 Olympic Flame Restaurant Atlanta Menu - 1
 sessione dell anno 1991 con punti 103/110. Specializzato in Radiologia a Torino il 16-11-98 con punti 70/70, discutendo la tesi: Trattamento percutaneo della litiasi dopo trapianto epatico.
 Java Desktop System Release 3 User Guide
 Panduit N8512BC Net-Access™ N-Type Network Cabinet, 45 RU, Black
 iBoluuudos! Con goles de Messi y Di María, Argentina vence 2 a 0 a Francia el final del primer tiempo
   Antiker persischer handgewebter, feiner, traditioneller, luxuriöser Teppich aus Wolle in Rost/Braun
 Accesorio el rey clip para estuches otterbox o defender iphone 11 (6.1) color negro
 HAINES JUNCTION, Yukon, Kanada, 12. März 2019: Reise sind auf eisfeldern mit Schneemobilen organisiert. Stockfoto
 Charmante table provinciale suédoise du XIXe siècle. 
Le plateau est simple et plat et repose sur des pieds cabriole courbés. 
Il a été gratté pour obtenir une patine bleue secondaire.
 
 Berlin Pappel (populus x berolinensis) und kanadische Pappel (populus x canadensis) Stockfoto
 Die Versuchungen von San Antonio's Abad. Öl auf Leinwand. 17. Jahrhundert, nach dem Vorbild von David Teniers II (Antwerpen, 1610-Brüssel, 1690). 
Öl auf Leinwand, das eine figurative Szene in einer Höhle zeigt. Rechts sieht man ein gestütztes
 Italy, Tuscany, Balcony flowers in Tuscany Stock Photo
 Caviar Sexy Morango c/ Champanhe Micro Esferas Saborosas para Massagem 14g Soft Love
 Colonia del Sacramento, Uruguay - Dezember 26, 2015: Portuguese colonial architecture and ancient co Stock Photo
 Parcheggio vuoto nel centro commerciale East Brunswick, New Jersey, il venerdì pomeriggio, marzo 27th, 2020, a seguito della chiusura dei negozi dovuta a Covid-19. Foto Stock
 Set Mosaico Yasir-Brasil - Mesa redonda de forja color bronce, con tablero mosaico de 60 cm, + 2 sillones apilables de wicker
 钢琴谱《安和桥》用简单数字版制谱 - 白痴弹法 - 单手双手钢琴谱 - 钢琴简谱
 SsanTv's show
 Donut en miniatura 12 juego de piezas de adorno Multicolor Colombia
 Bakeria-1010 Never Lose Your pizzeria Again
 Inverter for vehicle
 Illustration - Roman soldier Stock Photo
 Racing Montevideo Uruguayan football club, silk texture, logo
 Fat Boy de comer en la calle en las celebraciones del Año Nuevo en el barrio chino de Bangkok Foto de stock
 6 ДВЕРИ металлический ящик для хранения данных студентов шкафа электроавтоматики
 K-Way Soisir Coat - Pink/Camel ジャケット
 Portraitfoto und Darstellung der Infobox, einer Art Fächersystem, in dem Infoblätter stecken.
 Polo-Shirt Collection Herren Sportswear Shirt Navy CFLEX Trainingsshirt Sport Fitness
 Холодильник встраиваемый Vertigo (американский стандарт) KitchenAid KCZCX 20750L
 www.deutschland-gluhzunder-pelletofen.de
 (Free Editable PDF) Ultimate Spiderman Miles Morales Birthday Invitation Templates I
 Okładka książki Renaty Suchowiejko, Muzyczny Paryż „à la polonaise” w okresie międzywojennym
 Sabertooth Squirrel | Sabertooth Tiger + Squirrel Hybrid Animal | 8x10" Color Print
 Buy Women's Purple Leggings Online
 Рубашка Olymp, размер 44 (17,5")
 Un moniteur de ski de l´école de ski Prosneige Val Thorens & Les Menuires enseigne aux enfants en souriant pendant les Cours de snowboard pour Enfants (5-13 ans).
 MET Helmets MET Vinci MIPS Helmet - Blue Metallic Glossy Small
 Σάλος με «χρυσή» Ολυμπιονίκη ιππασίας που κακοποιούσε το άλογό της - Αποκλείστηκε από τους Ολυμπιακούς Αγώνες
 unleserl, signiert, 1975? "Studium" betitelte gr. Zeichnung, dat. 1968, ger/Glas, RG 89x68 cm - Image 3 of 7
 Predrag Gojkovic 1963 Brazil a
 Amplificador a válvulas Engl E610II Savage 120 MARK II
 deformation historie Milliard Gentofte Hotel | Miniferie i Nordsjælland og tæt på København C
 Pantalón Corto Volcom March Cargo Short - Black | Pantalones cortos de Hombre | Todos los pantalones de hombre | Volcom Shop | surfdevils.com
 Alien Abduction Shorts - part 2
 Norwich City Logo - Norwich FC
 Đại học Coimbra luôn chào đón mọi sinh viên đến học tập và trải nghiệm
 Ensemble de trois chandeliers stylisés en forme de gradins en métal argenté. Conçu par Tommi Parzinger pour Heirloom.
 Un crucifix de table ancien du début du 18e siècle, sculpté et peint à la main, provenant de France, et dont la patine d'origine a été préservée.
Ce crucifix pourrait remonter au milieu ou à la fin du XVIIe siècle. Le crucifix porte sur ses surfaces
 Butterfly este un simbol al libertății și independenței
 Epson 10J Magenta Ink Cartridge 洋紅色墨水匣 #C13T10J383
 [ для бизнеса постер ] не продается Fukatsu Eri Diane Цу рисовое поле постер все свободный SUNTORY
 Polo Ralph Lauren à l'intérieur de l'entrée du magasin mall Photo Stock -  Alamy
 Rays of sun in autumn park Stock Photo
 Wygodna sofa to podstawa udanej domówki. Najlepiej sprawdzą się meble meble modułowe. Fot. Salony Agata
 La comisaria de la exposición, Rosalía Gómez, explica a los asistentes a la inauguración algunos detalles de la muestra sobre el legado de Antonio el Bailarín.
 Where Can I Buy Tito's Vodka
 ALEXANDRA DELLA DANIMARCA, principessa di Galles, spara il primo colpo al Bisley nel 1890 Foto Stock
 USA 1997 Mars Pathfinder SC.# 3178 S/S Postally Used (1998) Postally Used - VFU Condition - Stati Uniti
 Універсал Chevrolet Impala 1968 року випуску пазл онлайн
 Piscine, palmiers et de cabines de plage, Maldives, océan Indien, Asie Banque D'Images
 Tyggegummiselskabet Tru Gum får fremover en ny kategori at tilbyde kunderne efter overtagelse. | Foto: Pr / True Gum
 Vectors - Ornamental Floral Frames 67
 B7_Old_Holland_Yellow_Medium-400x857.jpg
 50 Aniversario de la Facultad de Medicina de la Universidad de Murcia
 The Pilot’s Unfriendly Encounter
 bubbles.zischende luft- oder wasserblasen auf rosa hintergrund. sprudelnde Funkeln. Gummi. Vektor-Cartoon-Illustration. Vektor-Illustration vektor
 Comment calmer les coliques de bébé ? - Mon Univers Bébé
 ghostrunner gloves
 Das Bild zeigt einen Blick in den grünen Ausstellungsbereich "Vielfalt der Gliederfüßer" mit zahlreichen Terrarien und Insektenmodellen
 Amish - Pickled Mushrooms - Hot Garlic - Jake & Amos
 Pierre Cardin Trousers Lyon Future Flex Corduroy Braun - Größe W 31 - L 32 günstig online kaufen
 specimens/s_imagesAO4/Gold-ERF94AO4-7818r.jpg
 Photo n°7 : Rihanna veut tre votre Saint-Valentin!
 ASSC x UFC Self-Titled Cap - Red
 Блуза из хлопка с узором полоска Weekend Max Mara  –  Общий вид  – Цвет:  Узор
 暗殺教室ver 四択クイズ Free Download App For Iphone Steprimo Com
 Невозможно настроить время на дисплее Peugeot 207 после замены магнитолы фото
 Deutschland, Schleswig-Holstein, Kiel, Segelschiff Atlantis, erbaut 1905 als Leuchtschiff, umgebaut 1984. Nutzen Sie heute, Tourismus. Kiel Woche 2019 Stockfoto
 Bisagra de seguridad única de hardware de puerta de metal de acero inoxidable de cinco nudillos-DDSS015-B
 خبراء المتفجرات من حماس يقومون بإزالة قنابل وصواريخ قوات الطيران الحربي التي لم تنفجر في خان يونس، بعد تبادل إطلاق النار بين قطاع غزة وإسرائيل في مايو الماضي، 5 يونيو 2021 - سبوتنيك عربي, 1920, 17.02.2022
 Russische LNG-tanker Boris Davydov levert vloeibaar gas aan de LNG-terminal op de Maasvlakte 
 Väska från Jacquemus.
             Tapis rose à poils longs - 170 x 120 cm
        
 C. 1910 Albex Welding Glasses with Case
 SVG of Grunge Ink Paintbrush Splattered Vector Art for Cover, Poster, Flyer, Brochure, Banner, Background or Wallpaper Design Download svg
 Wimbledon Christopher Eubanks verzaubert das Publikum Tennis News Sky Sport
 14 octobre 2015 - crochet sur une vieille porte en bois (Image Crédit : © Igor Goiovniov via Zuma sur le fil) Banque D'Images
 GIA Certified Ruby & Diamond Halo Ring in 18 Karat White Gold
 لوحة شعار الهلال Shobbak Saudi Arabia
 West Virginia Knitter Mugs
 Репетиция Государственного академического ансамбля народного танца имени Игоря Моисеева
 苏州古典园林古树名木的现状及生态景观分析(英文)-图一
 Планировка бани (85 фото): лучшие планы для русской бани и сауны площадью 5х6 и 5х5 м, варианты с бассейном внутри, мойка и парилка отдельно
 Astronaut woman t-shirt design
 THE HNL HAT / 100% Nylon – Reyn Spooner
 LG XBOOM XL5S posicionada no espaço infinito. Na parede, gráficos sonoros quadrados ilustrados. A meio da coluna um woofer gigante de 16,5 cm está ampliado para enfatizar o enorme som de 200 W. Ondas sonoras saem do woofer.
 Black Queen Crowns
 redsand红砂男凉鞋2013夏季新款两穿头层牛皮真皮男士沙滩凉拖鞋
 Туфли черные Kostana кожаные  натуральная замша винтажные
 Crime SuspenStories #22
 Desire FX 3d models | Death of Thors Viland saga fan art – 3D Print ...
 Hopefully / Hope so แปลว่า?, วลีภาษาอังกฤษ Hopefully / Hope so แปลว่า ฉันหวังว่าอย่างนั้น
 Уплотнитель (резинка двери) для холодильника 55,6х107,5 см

■ **PROBLEM DETAILS**
Repeat, character for character, the lines of the material above from the line with "www.deutschland-gluhzunder-pelletofen.de" through the line with "Amplificador a válvulas".

■ **ANSWER BOX**
 www.deutschland-gluhzunder-pelletofen.de
 (Free Editable PDF) Ultimate Spiderman Miles Morales Birthday Invitation Templates I
 Okładka książki Renaty Suchowiejko, Muzyczny Paryż „à la polonaise” w okresie międzywojennym
 Sabertooth Squirrel | Sabertooth Tiger + Squirrel Hybrid Animal | 8x10" Color Print
 Buy Women's Purple Leggings Online
 Рубашка Olymp, размер 44 (17,5")
 Un moniteur de ski de l´école de ski Prosneige Val Thorens & Les Menuires enseigne aux enfants en souriant pendant les Cours de snowboard pour Enfants (5-13 ans).
 MET Helmets MET Vinci MIPS Helmet - Blue Metallic Glossy Small
 Σάλος με «χρυσή» Ολυμπιονίκη ιππασίας που κακοποιούσε το άλογό της - Αποκλείστηκε από τους Ολυμπιακούς Αγώνες
 unleserl, signiert, 1975? "Studium" betitelte gr. Zeichnung, dat. 1968, ger/Glas, RG 89x68 cm - Image 3 of 7
 Predrag Gojkovic 1963 Brazil a
 Amplificador a válvulas Engl E610II Savage 120 MARK II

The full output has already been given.